For Debian packages, use the reprotest tool which goes further — it varies build path, username, hostname, time zone, filesystem ordering, and CPU count between the two builds to stress-test reproducibility:

apt install reprotest
reprotest 'dpkg-buildpackage -b' '../mypackage_*.deb'

reprotest applies a configurable set of variations.
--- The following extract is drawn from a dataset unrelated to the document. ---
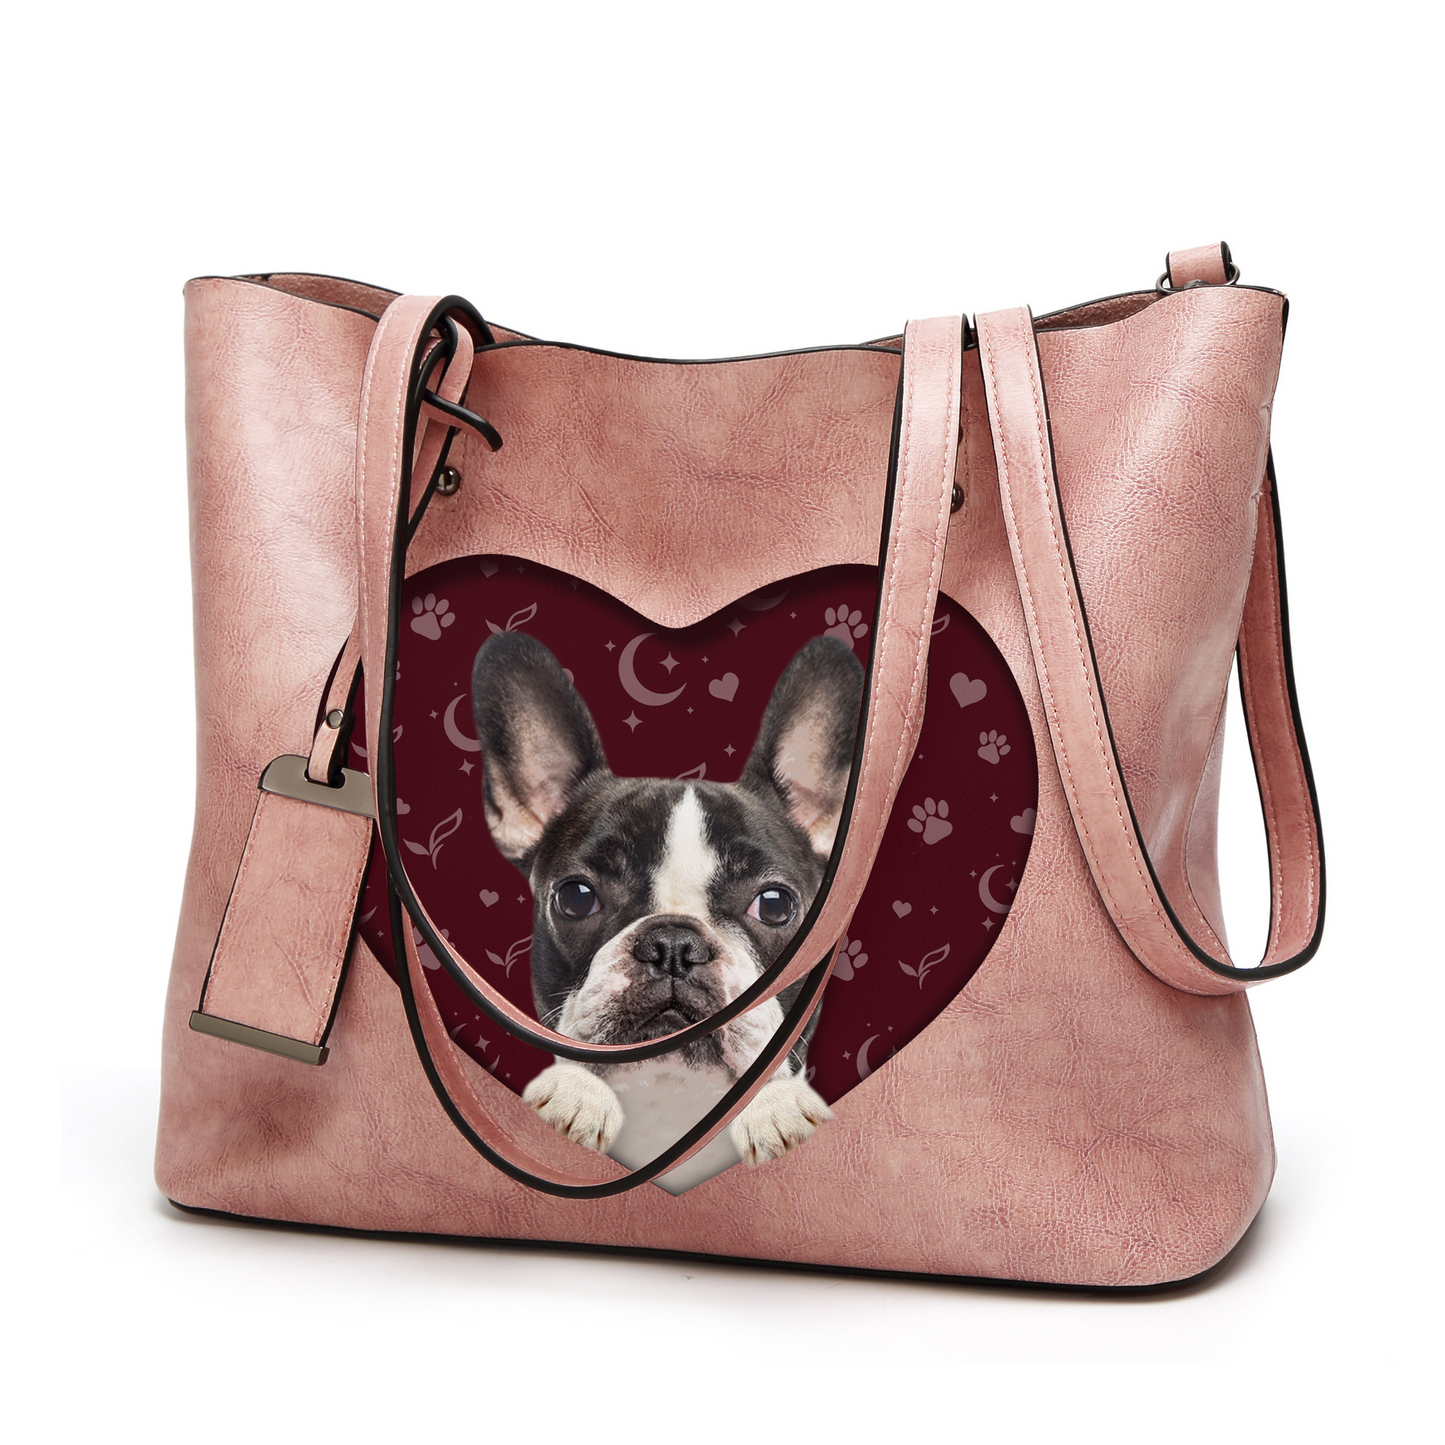 I Know I'm Cute - French Bulldog Glamour Handbag V3 - 7

A package that survives all variations is genuinely reproducible, not just accidentally identical in a controlled environment.

For container images, compare layer digests:

#!/usr/bin/env bash
set -euo pipefail

IMAGE="myapp"
TAG="$(git rev-parse --short HEAD)"

docker build -t "${IMAGE}:${TAG}-build1" .
docker build -t "${IMAGE}:${TAG}-build2" --no-cache .
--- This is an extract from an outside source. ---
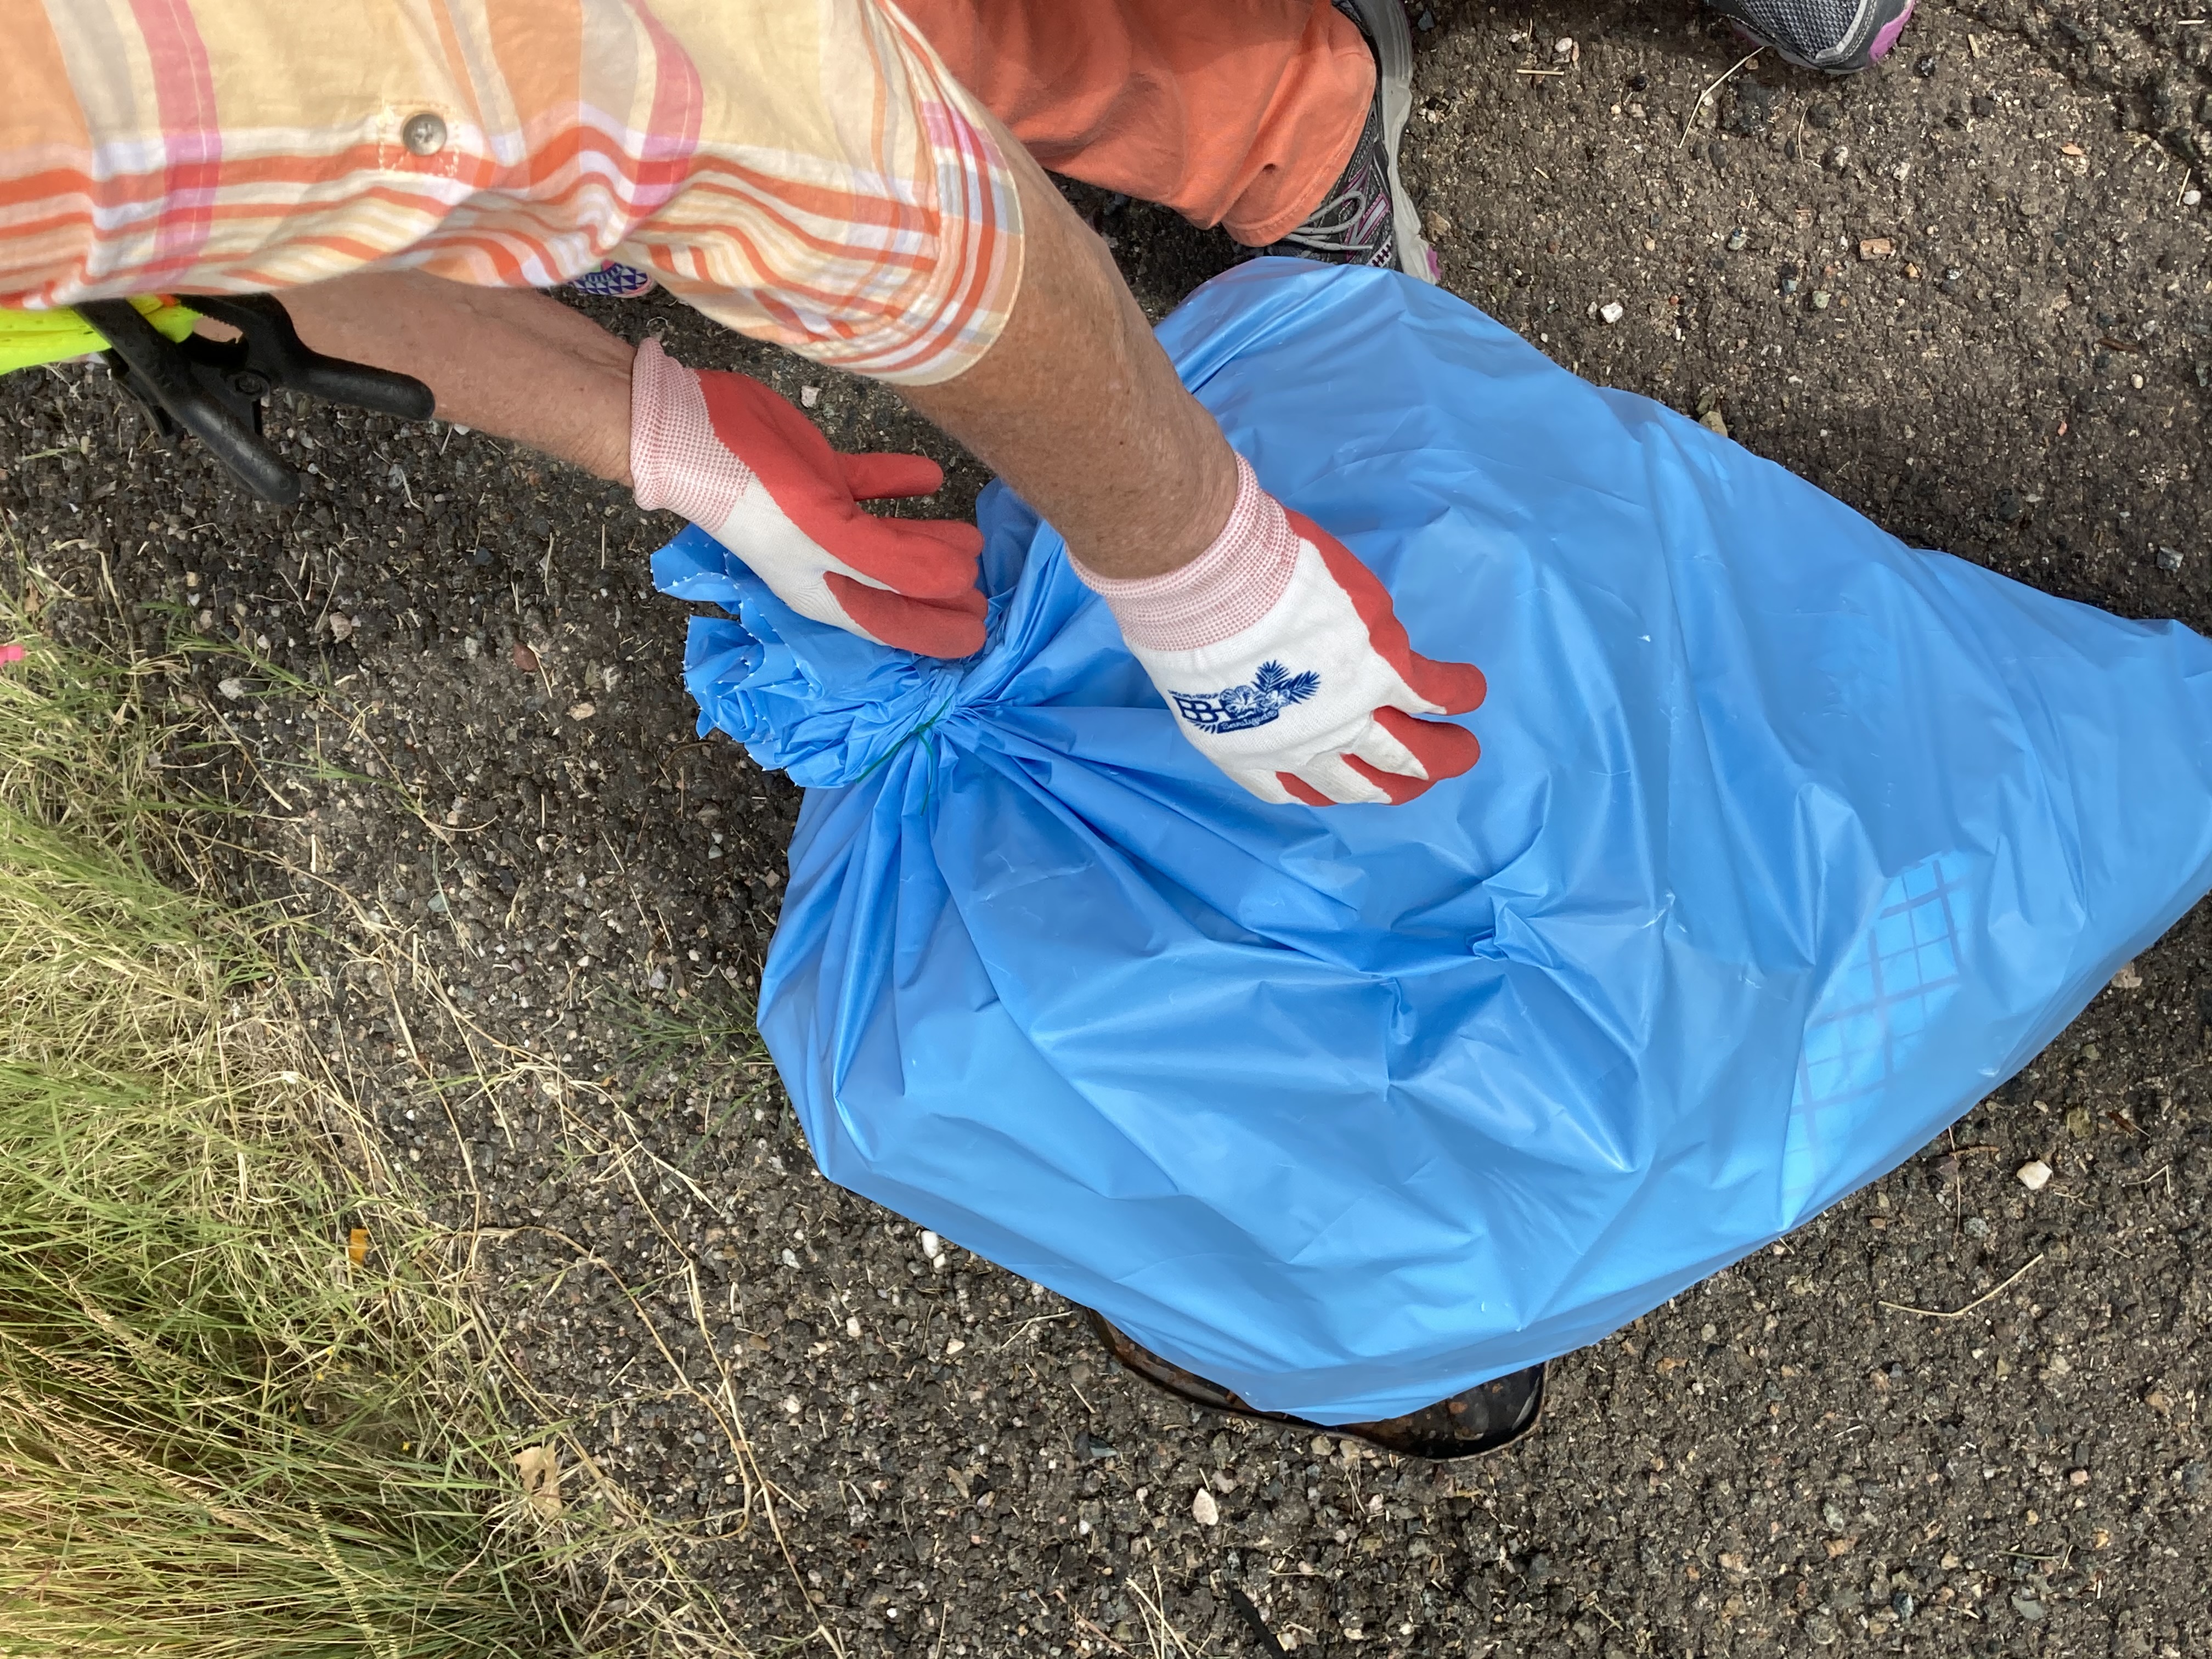 Adopt a Highway volunteer picks up trash

DIGEST1=$(docker inspect --format='{{index .RepoDigests 0}}' "${IMAGE}:${TAG}-build1" 2>/dev/null \
          || docker inspect --format='{{.Id}}' "${IMAGE}:${TAG}-build1")
DIGEST2=$(docker inspect --format='{{index .RepoDigests 0}}' "${IMAGE}:${TAG}-build2" 2>/dev/null \
          || docker inspect --format='{{.Id}}' "${IMAGE}:${TAG}-build2")

if [ "$DIGEST1" != "$DIGEST2" ]; then
  echo "Container image is not reproducible"
  # Compare layer by layer
  docker save "${IMAGE}:${TAG}-build1" | tar -tv > layers1.txt
  docker save "${IMAGE}:${TAG}-build2" | tar -tv > layers2.txt
  diff layers1.txt layers2.txt
  exit 1
fi

For OCI images, crane provides content-addressable comparison:

crane digest myapp:build1
crane digest myapp:build2

Summary

Reproducible builds do not prevent a compromised build machine from producing malicious output — but they make that compromise detectable. Any independent rebuilder can verify the artifact. That shifts the attacker’s requirement from “compromise one build pipeline” to “compromise every independent rebuild infrastructure simultaneously,” which is a significantly harder problem.
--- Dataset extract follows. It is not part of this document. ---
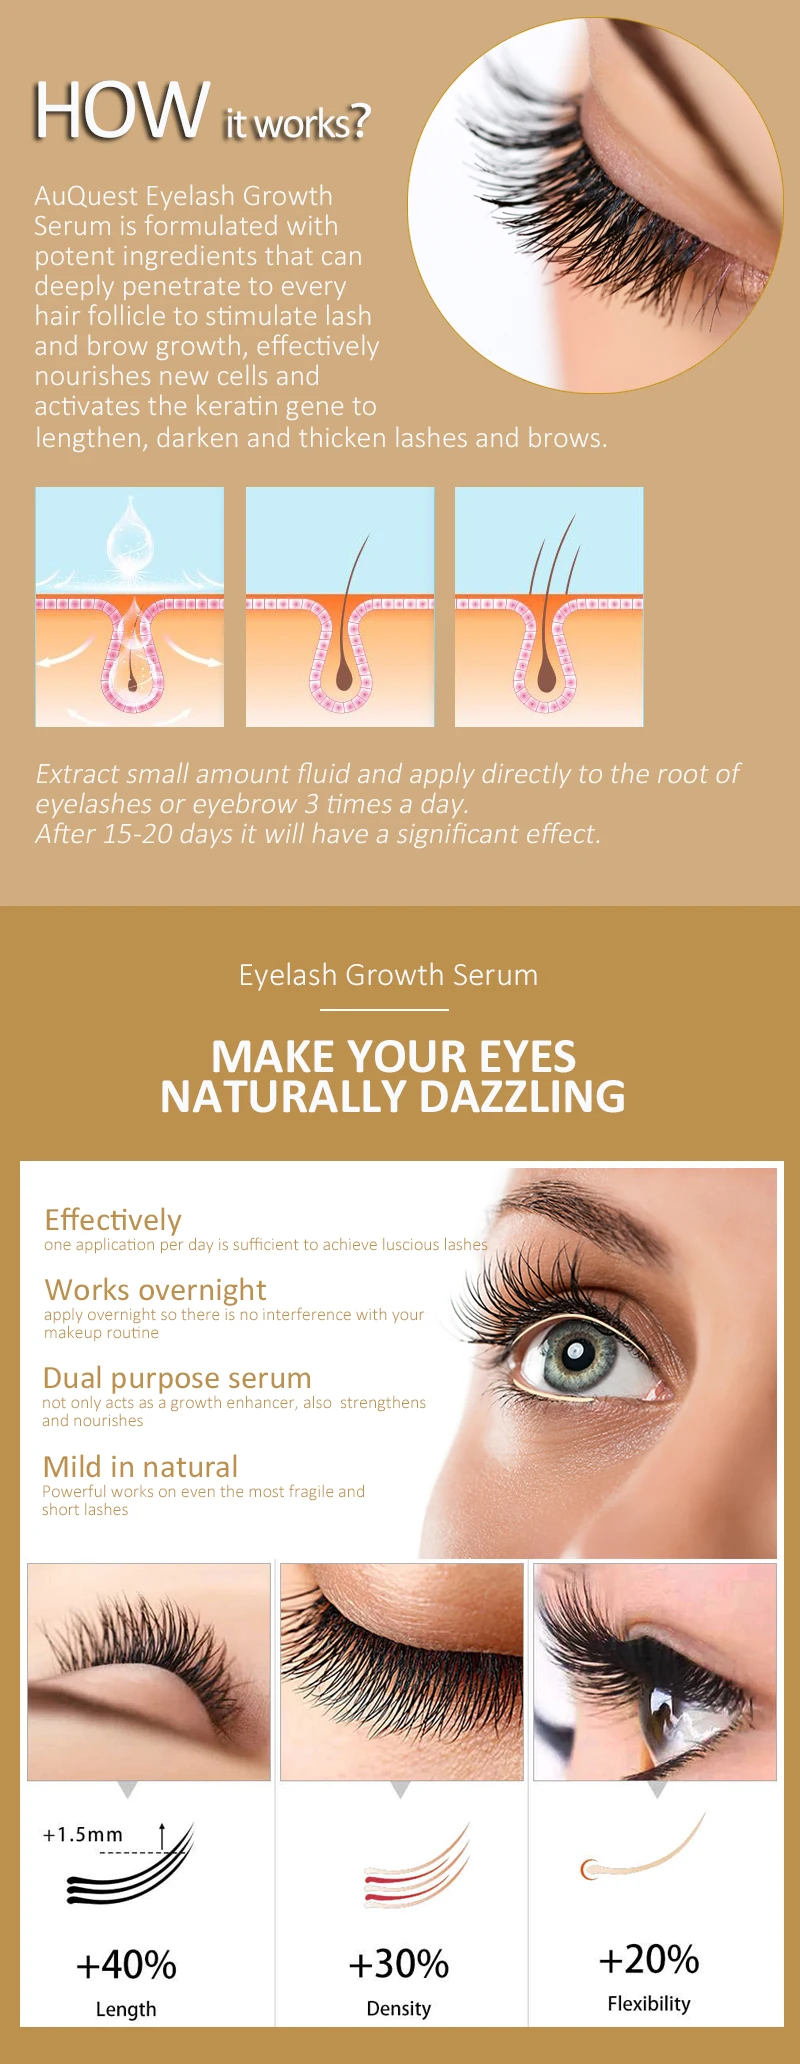 AuQuest All Natural Eyelash Growth Serum

The minimum viable reproducibility stack:

  1. Set SOURCE_DATE_EPOCH in CI, derived from git log -1 --pretty=%ct.
  2. Use -trimpath (Go) or -ffile-prefix-map=$(pwd)=. (C/C++) to strip build paths.
  3. Sort all file lists before passing them to linkers and archivers.
  4. Build twice per CI run, compare with sha256sum, surface diffs with diffoscope.
  5. For packages: generate and publish .buildinfo-equivalent metadata.
  6. For infrastructure: adopt Nix or Bazel where hermeticity is a hard requirement.

This is not a complete supply chain solution — pair it with SLSA build provenance for signed attestations and dependency confusion defence for dependency integrity. But without reproducibility, provenance is unverifiable: you can prove who built the artifact, not that the artifact matches the source.